Electrical – use 12awg ground from main panel to subpanel

electricalsubpanel

I recently rebuilt a shed that had electricity run to it in the past. There are wires run from the main panel to the shed underground. The old shed used 12 gauge black, white and green wires. There are also 10 gauge black and green where there was an old RV outlet. I have 3 – 12 gauge wires (blk, white, and grn) to a 20 amp breaker in the house and 2-10 gauge wires (black and green) on a 30amp breaker in the house, run to the shed. I installed a subpanel in the shed and am trying to figure out what is the best way to wire it up. Id like to have the 10awg wires because I could use more amperage (30Amps).

Can I use the black and green 10g wires for the hot and neutral (Jump the 10g hot to the other hot bus)? Also can I use the 12g ground from the main panel to the subpanel ground bar? (which is separate from the neutrals) I have a grounding rod also that will be tied to the ground bus.


The wires are in liquid tight and are individual thhn stranded wires. The rv outlet was a three pin outlet. I'll look up that 250.122 rule.


Today I opened the junction box that is halfway between the run of these wires and opened the main box to check. I noted that there is a white 10g that runs from main to junction box, then ties to the green 10g that runs to the shed. Im not sure why the person that ran these didn't continue with white. Can I use this green for neutral, or do I need to run a white and pull out the green?

Best Answer

Conduit is your friend

You indicated these are THHN wires in liquid tight conduit. The bad news is that you can't just use a green ground as a neutral or hot, or use a white neutral wire as a hot. There are certain situations with cables where you can use a white as a hot or switched hot, but that is not the case in conduit.

There are only a few colors that matter in the US, and they definitely matter here:

  • White or gray = neutral
  • Green = ground
  • Black, red, blue, yellow, orange, etc. - basically everything else = hot

The good news is that you can run new wires as needed - that's the bonus of having conduit. For a proper subpanel, you should have 2 hots + neutral + ground. Ground and neutral separate from each other (remove the bonding screw if there is one and put neutral and ground on separate bars).
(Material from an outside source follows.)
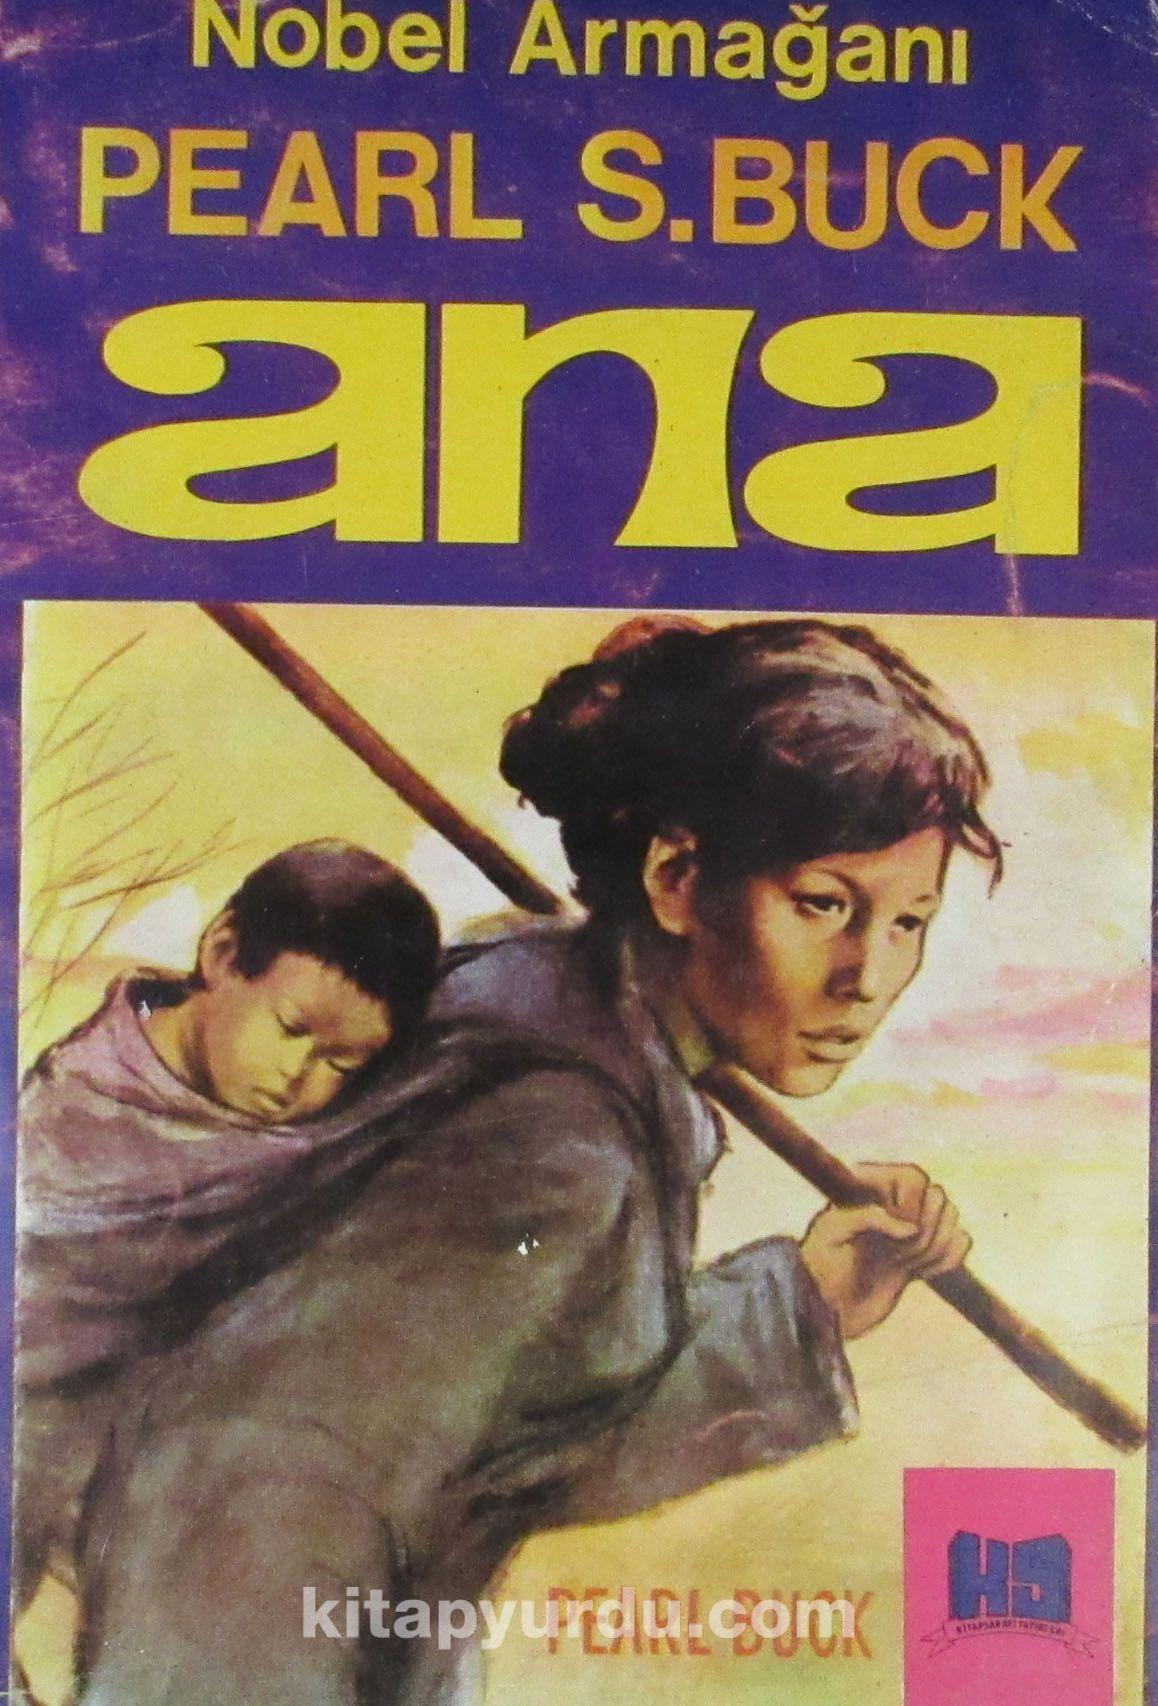 Ana(1-B-41)

We can't guess what size conduit you have and, therefore, how many or what type of wires you can run through it. But assuming your 3 x 12 and 2 x 10 were installed correctly previously (i.e., not a problem with conduit fill), you should be able to remove the 3 x 12 and add 2 x 10 wires. Since you already have black and green, add a red and a white. That will give you a pretty standard:

  • Black = Hot
  • Red = Hot
  • White = Neutral
  • Green = Ground

Wire them all up to your 30A subpanel and you will have 30A x 240V or 60A x 120V (or some combination of 120V and 240V, depending on your needs). The 30A breaker in the house needs to be a double-breaker, not just 2 random breakers in the panel, so that you have the breakers on different legs so that you have 240V and so that you have common shutoff. Your 30A subpanel can actually have a larger breaker inside it as the breaker there is just a shutoff switch and not to protect the 10 AWG wires as the breaker in the house takes care of that.